---- DATA

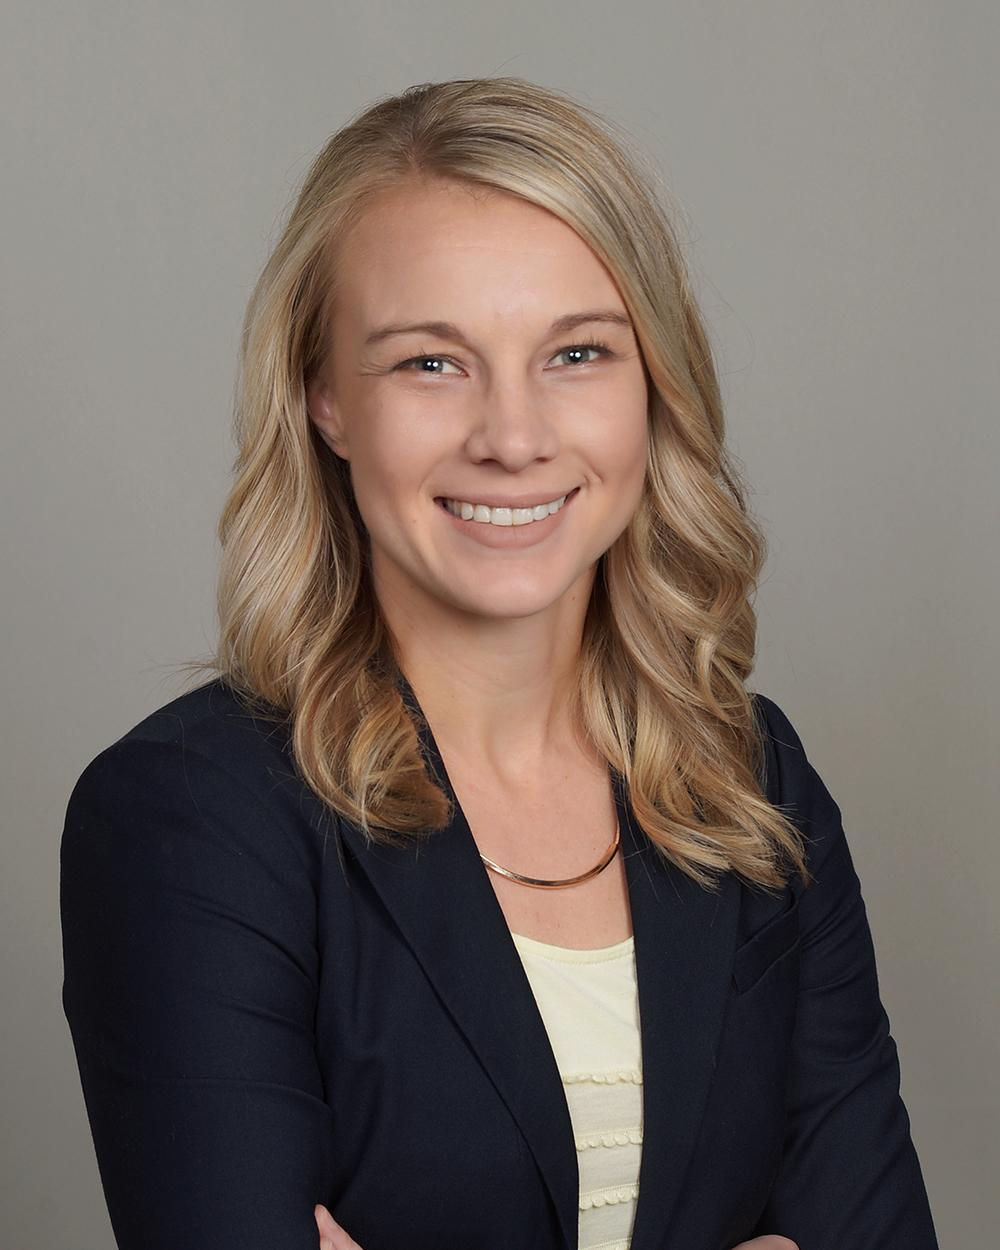 Profile Photo of Dr. Maggie Hedlund - None
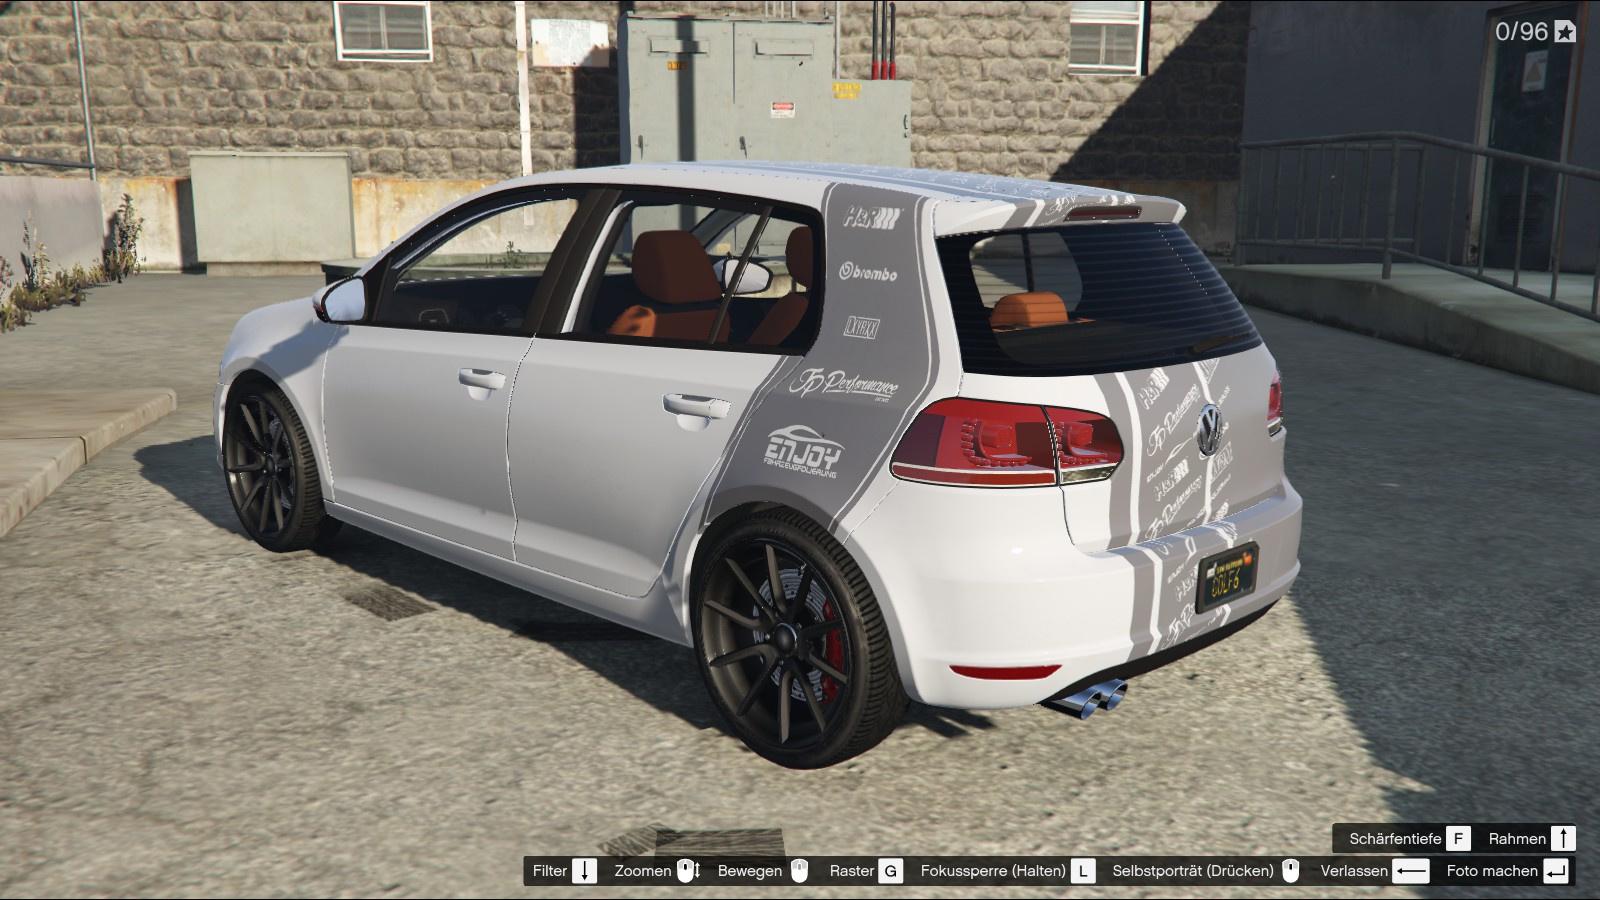 Vw Golf Mk6 Gti Livery Logostripes Jp Performance Enjoy Carwrapping Gta5 Mods Com
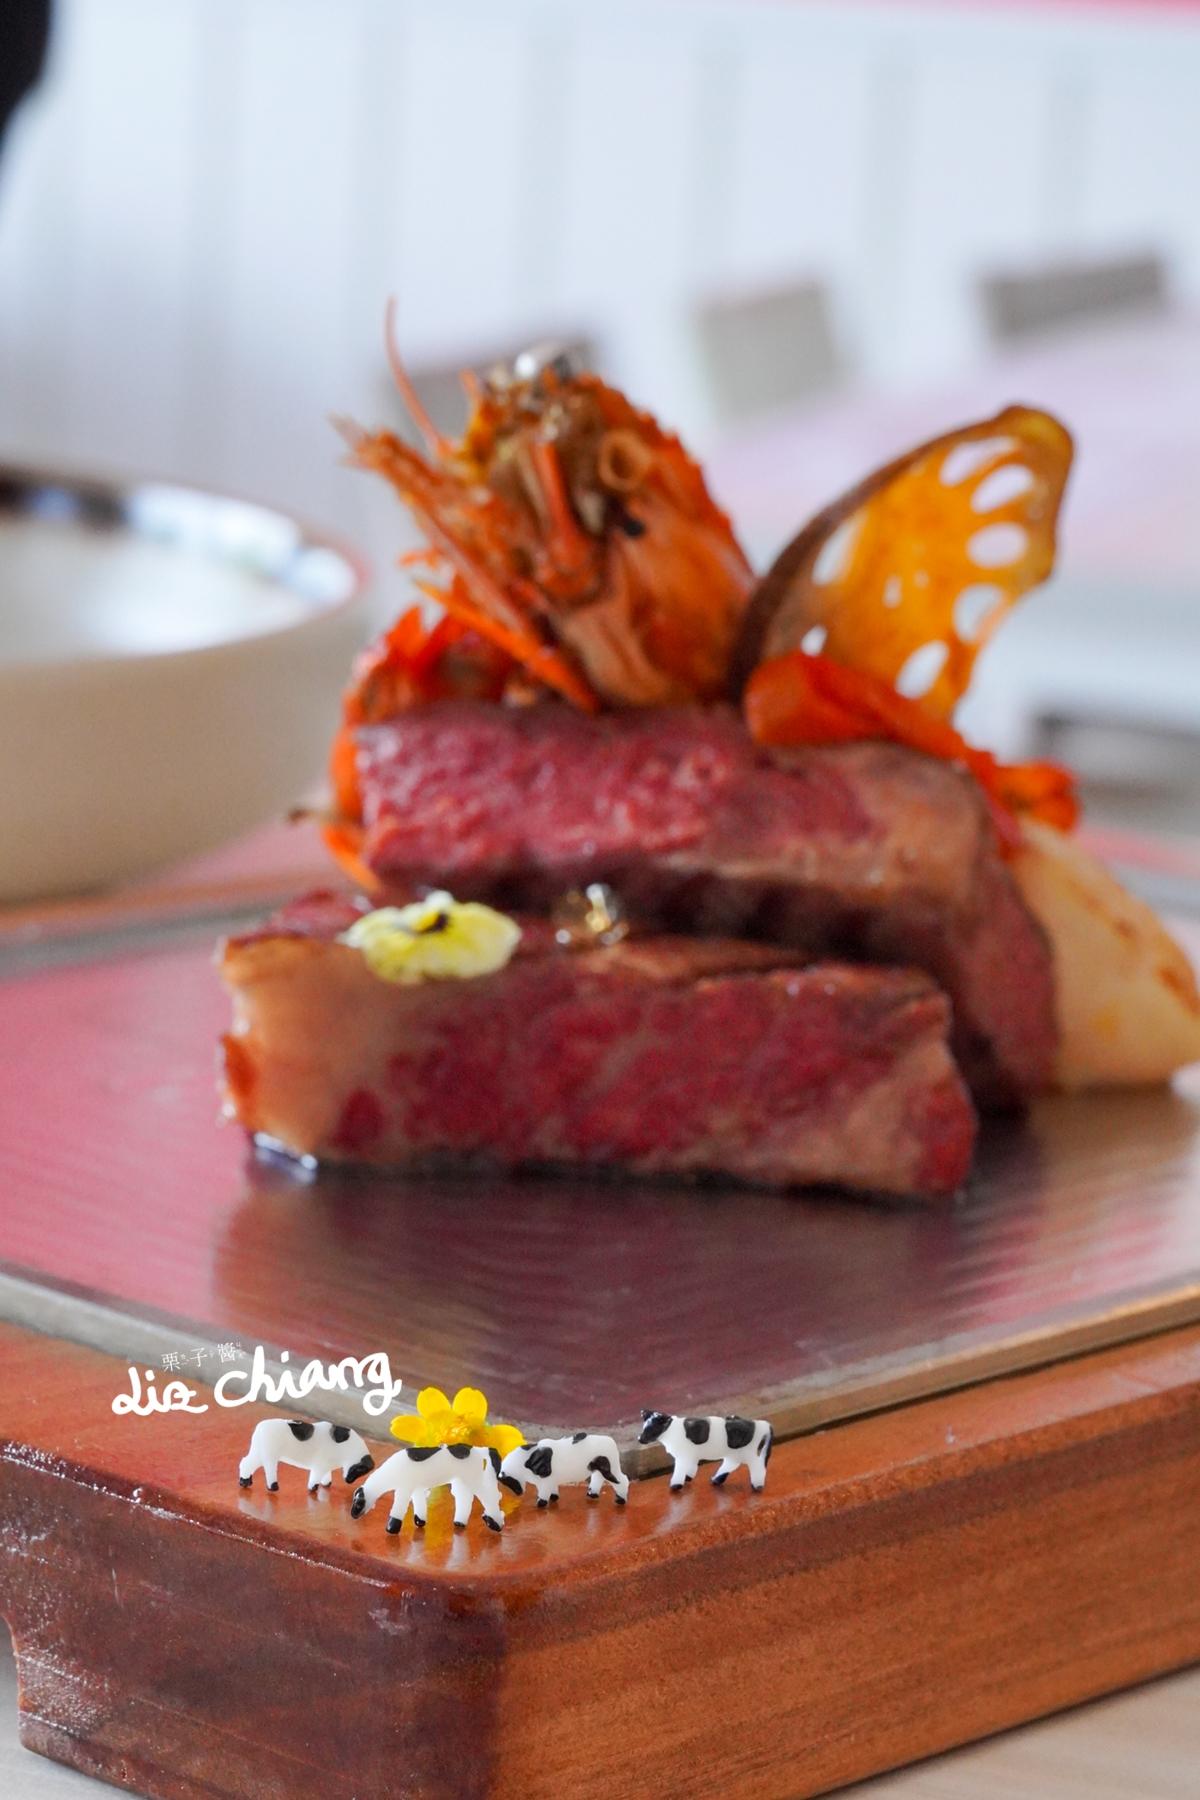 DSC06958Liz chiang 栗子醬-美食部落客-料理部落客
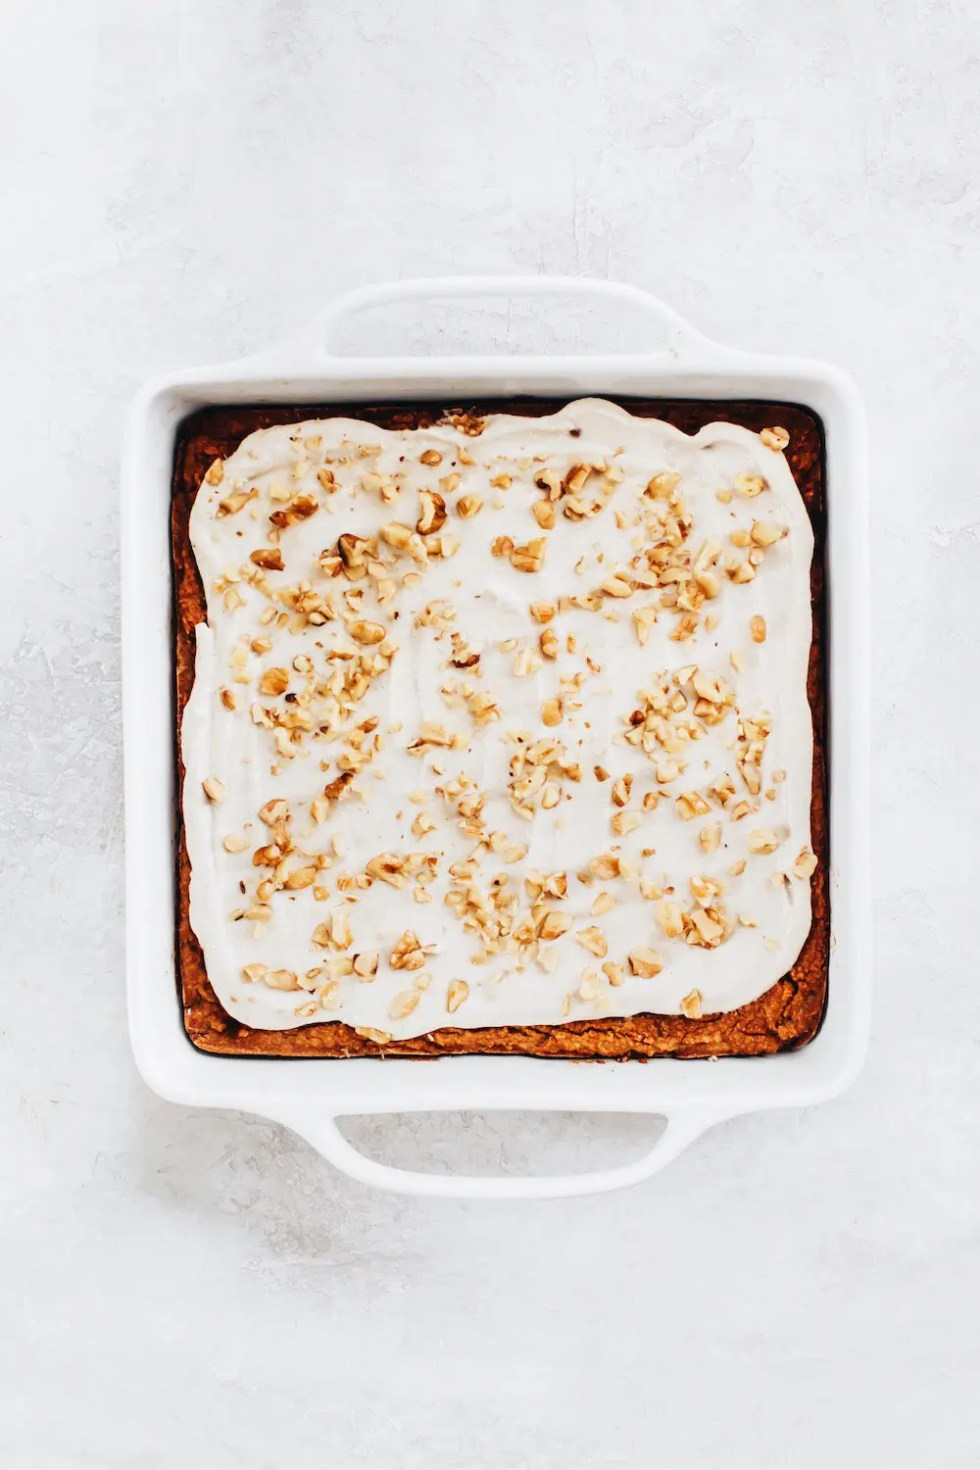 Vegan gluten free carrot cake cashew yogurt frosting feasting on vegan gluten free carrot cake forumfinder Images

--------

**HOW TO COMPLETE THIS TASK:**
Whenever you reach a picture, pass over it; print all the other material exactly.

**RESULT:**
 Profile Photo of Dr. Maggie Hedlund - None
 Vw Golf Mk6 Gti Livery Logostripes Jp Performance Enjoy Carwrapping Gta5 Mods Com
 DSC06958Liz chiang 栗子醬-美食部落客-料理部落客
 Vegan gluten free carrot cake cashew yogurt frosting feasting on vegan gluten free carrot cake forumfinder Images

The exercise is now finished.